Overige soorten
Een andere soort die bij de derde telling wordt gezien is de Boomvalk. Maar hij blijft schaars! Er werden er slechts 14 genoteerd in deze telperiode, evenveel als vorig jaar. Vergelijk je dit aantal echter met de 45 Torenvalken, een soort die landelijk gezien acht keer zo talrijk is, dan blijkt dat de Boomvalk als vooral typische vogeljager (ook libellen) meer op zijn plek is in urbaan gebied. In sommige regio's zijn Boomvalken het stedelijk gebied ingetrokken, waarschijnlijk om Haviken te vermijden.
Ganzen, eenden en meeuwen zijn tijdens de 3e telling ook nog in redelijke aantallen aanwezig, al dan niet met jongen. De Kleine Karekiet laat in de avond ook geregeld zijn karakteristieke lied horen.
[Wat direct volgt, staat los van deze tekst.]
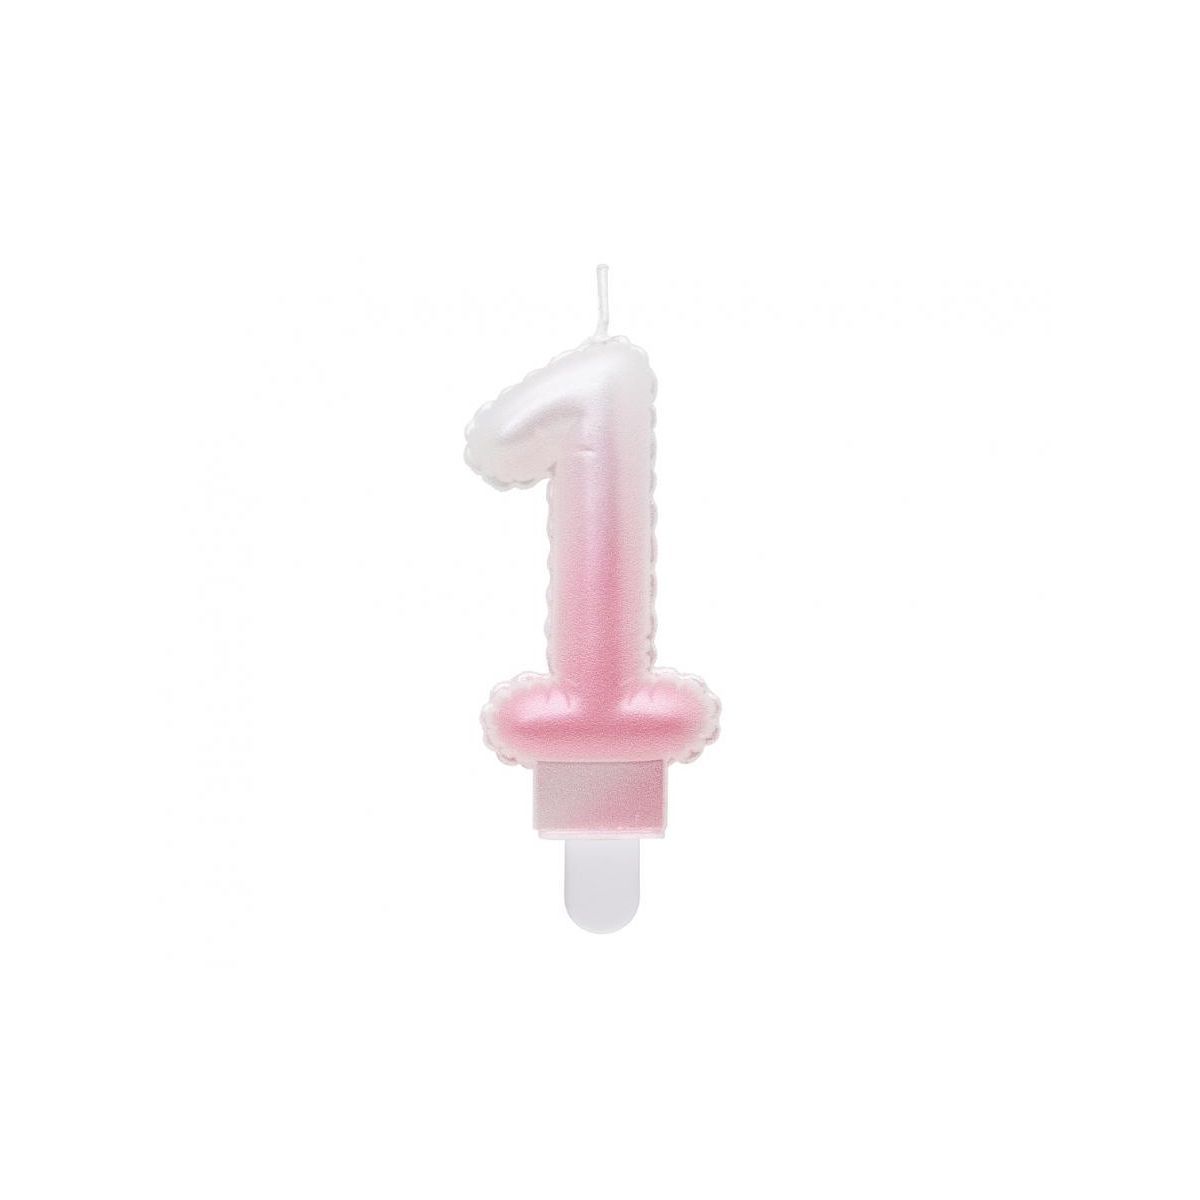 Świeczka urodzinowa cyferka 1, ombre, perłowa biało-różowa, 7 cm Godan (SF-PBR1)

Voorlopig zijn de gemiddelde aantallen van deze karekieten net iets lager dan vorig jaar. De grootste winnaar dit jaar is de Cetti’s Zanger: vorig jaar bij de 1e en 2e telling nog 24 en 27 vogels, dit jaar 46 en 39! De soort is aan een indrukwekkende opmars bezig in ons land en die blijkt dus niet meer uitsluitend voorbehouden aan natuurterreinen.
De Huiskat was dit jaar tijdens de 3e telling het algemeenste (bijna 740 ex) zoogdier, terwijl dat in voorgaande jaren meestal bij de 2e telling was. Het zoogdier dat op nummer vier staat, de Eekhoorn, wordt vooral tijdens de eerste twee telperiodes gezien. In de derde telperiode zijn er veel minder waarnemingen. De eerste indruk van deze soort is niet zo gunstig: vorig jaar 102 en 51 ex en dit jaar 59 en 39 ex in MUS tijdens de 1e en 2 telling.